Il fut répondu : « Non, il est mort en Amérique, et ce sont ses parents qui vivent à Jemtland. »

Le jour suivant, au cours d'une séance de photographie, une plaque développée laissa apparaître, derrière Mme d'Espérance, une tête d'homme à l'aspect placide.

M. Fidler demanda à « Walter » quelle était cette entité photographiée. « Oui - répondit Walter - c'est ce Stromberg dont je t'ai parlé. Je dois même te dire qu'il n'est pas mort dans le Wisconsin, mais à New-Stockolm, et que la date de sa mort est le 31 mars et non le 13. Ses parents habitaient Strom Stocking, ou un nom de ce genre, dans la province de Jemtland. Il a dit, me semble-t-il, qu'il émigra en 1886, qu'il se maria et eut trois fils et non six. Il mourut aimé et pleuré de tous. »

« C'est bien, répliqua M. Fidler. Dois-je envoyer sa photographie à sa veuve ? »

« Tu n'as pas encore bien compris, répondit Walter. J'ai dit que ce sont les parents à Jemtland qui ignorent sa mort, et non sa femme. Il m'a dit que tout le monde le connaît dans le pays ; j'imagine que, si tu envoies la photographie à Jemtland, tu atteindras le but. »

Pendant un an M. Fidler s'occupa de vérifier ces renseignements. Voici ce qu'il obtint : Svens Ersson, natif de Strom Stocken (paroisse de Strom), dans la province de Jemtland, en Suède, s'était marié avec Sarah Kaiser, avait émigré au Canada et, une fois établi, avait pris le nom de Stromberg ; cette dernière circonstance est assez commune parmi les paysans de la Suède, dont les familles ne portent pas de noms qui leur soient propres.

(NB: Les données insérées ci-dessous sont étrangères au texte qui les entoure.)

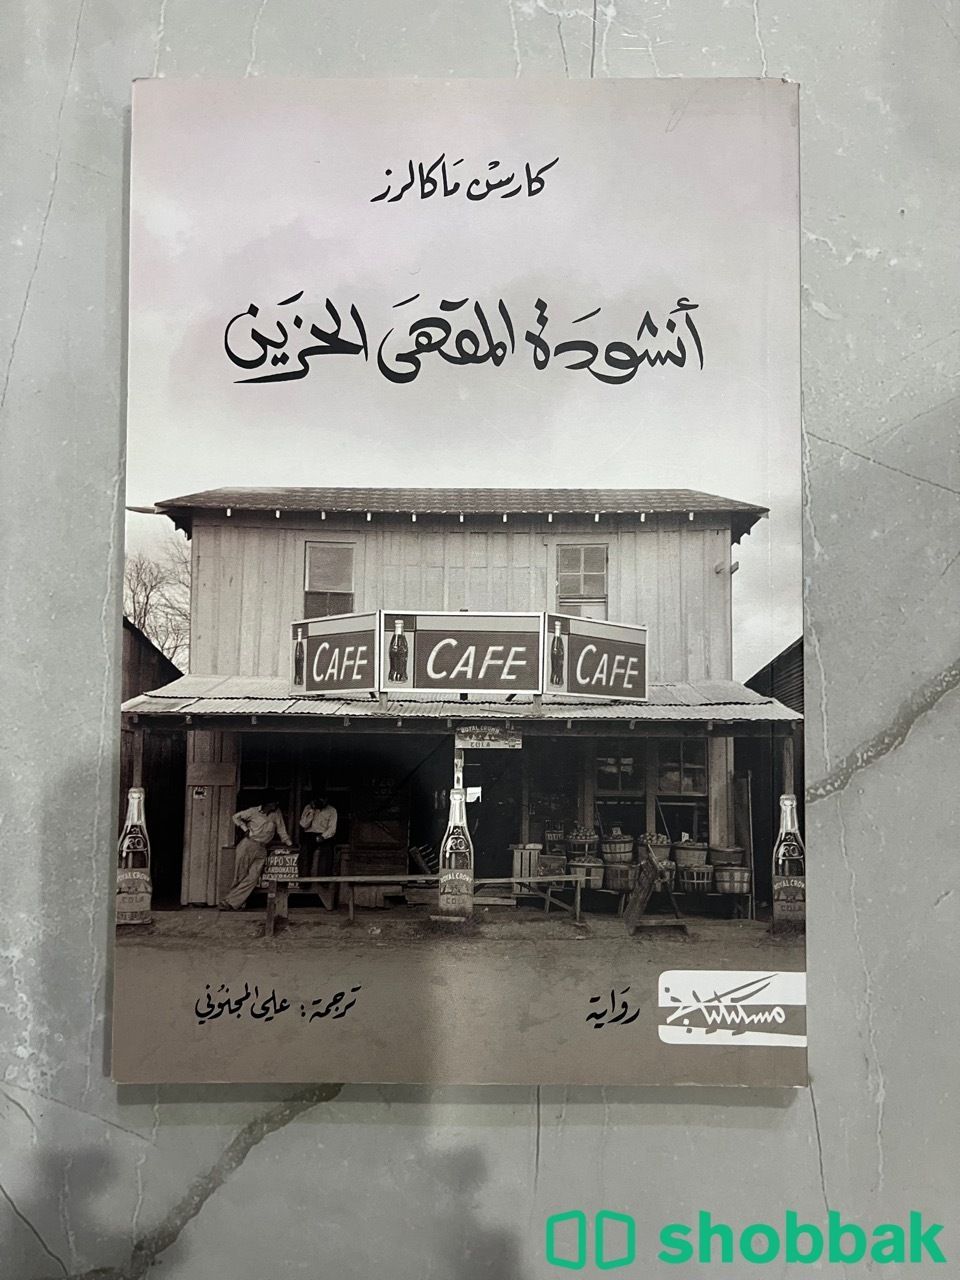 كتاب انشودة المقهى الحزين Shobbak Saudi Arabia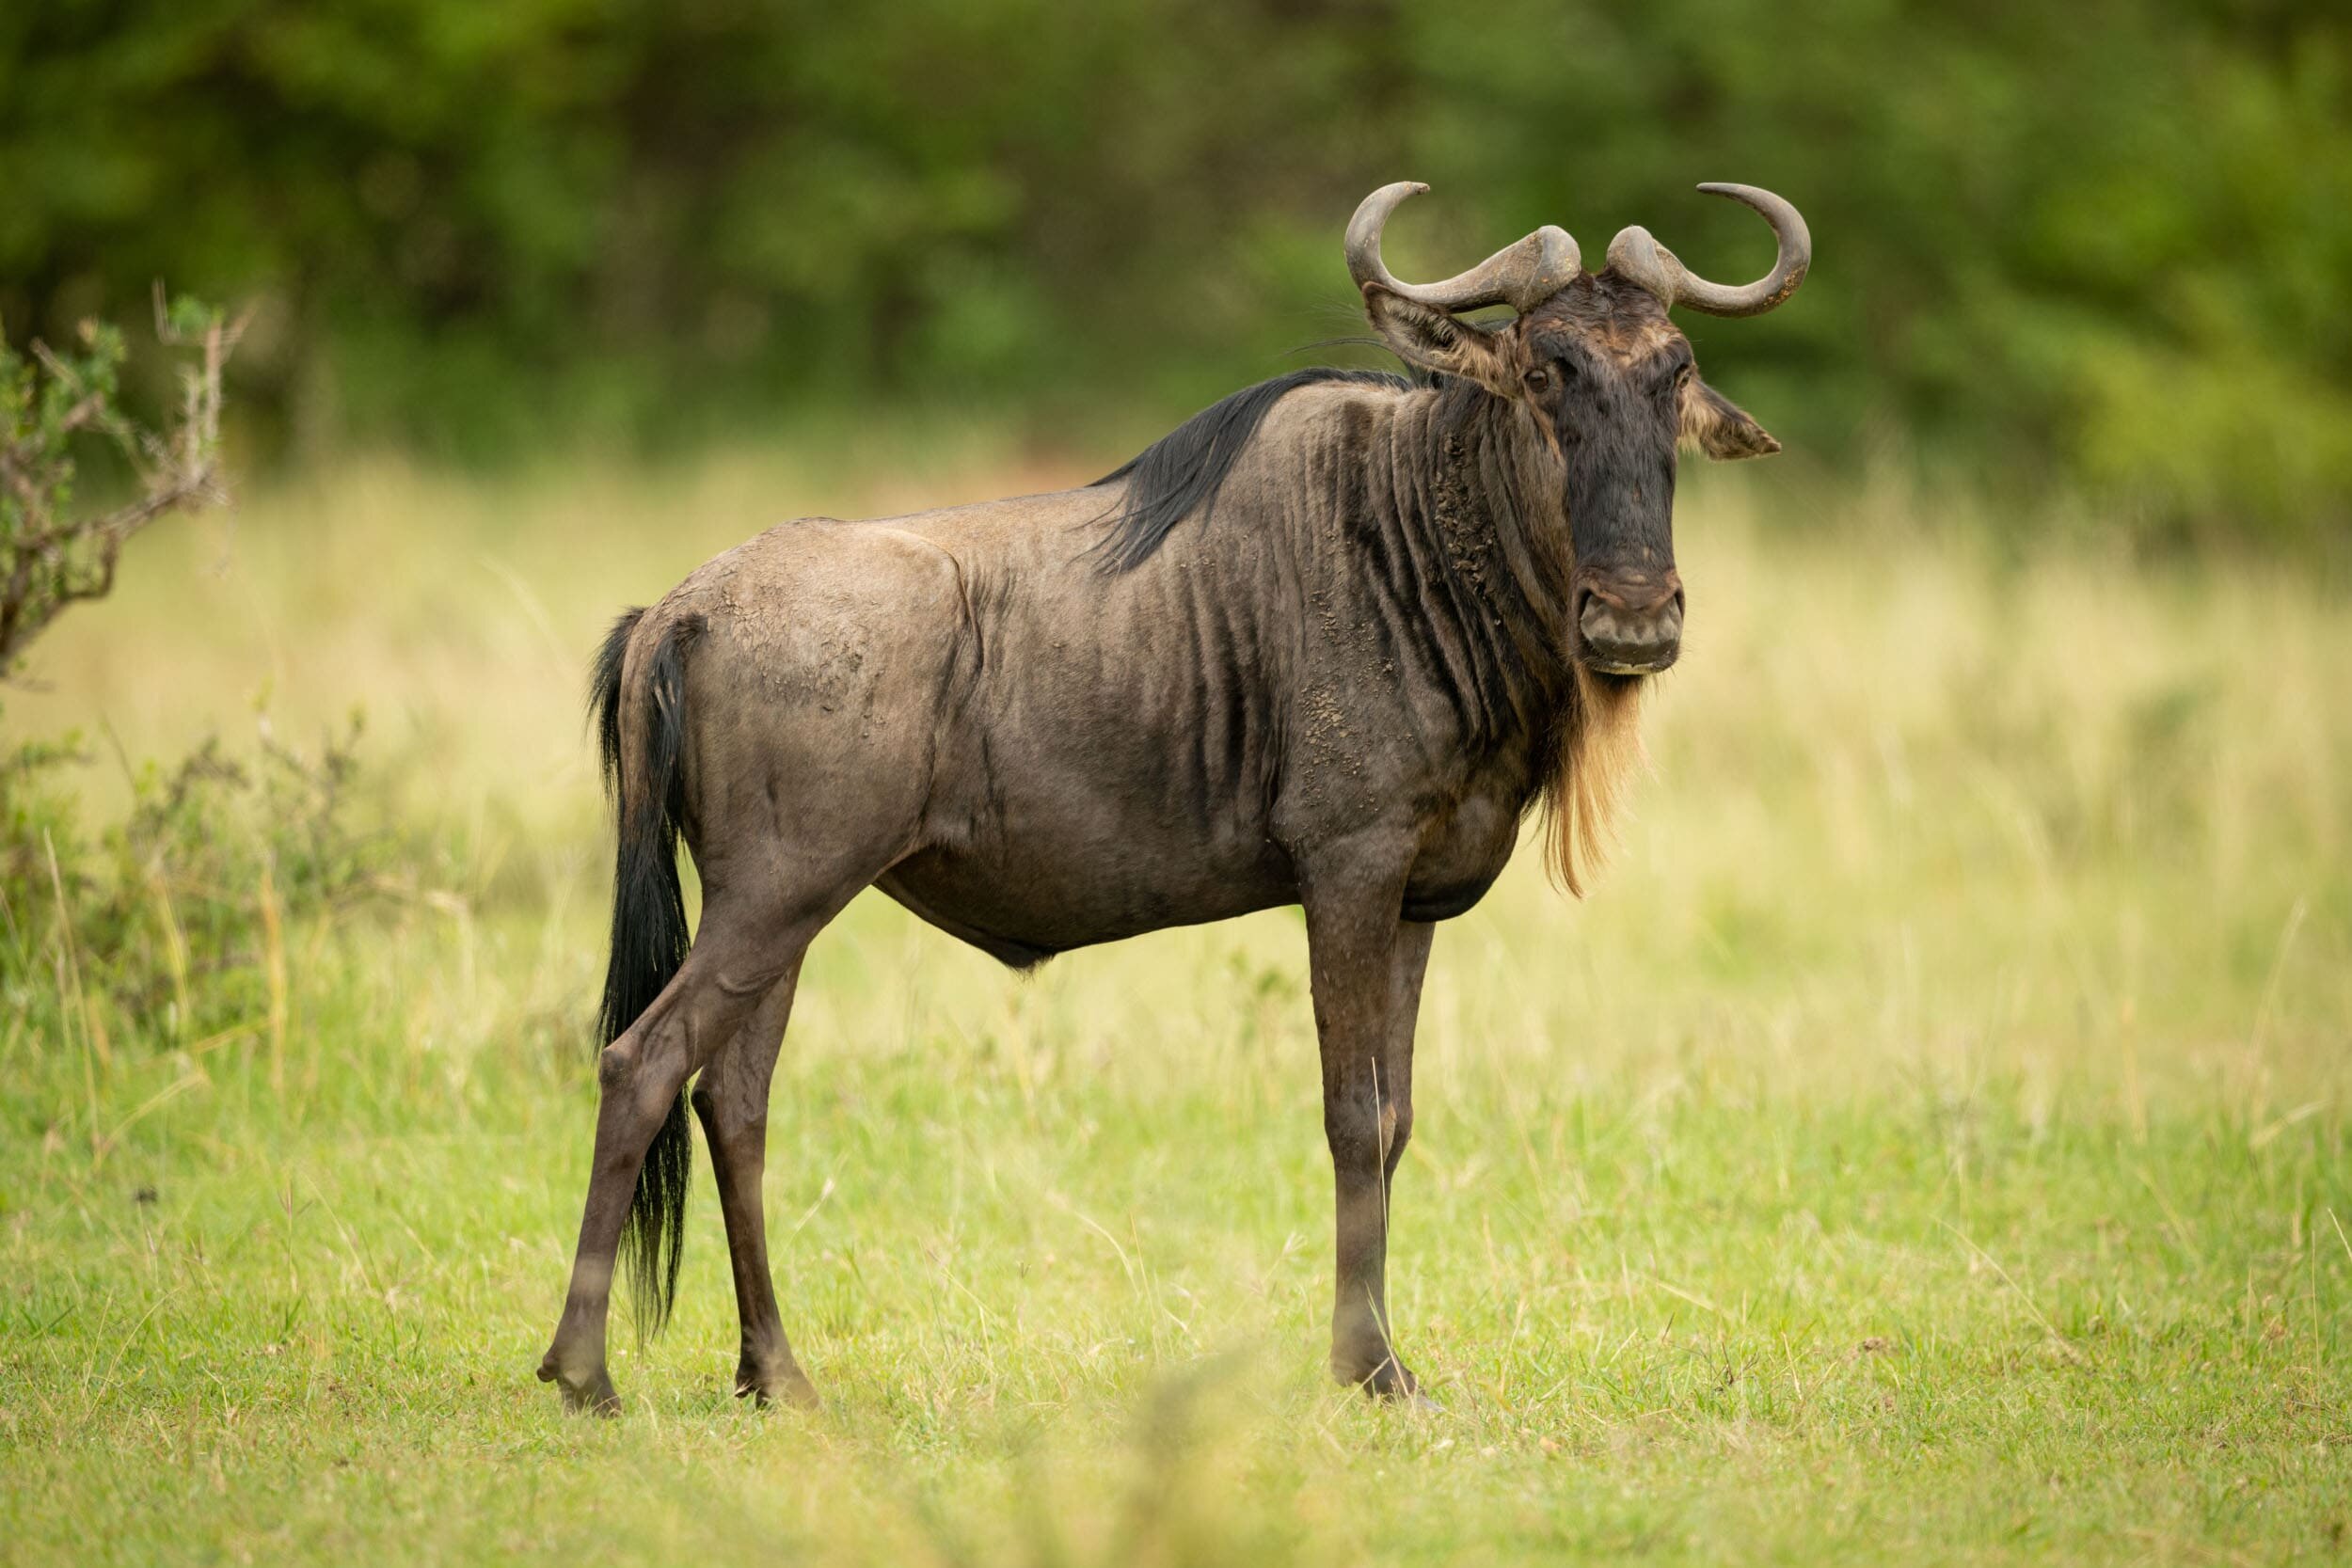 Blue wildebeest stands eyeing camera in grassland: 70 downloads

On consulta la femme du défunt, le médecin qui l'avait soigné et le pasteur.

Tous étaient d'accord pour dire que le 31 mars 1890, jour de sa mort, Stromberg, en dictant ses dernières volontés, avait exprimé le désir formel que ses parents et amis de Suède fussent informés de son décès.

Pour des raisons trop longues à énumérer, ses dernières volontés ne furent pas exécutées.

La photographie de Svens Stromberg fut aussi identifiée. Elle avait été envoyée à Strom, où elle fut accrochée à la sacristie, avec invitation aux personnes qui la reconnaîtraient d'y apposer leur signature. Elle fut renvoyée avec de nombreuses signatures et beaucoup de commentaires.

Il reste acquis que soixante heures après sa mort, survenue dans le nord du Canada, Svens Stromberg écrivit son nom sur une feuille de papier dans la ville de Gothembourg, en Suède, et que tous les renseignements qu'il a communiqués par l'intermédiaire de « Walter » étaient de la plus parfaite exactitude.


[1] Voir, pour ces trois cas, les Annales des sciences psychiques, 1° et 16 janvier 1910, p. 7 et suiv.

[2] P. 323 et suiv.

[3] Lettre du 9 mai 1912 publiée dans Light.

[4] Journal of the American Society P. R. (mai).

[5] Revue scientifique et morale du spiritisme, février 1905.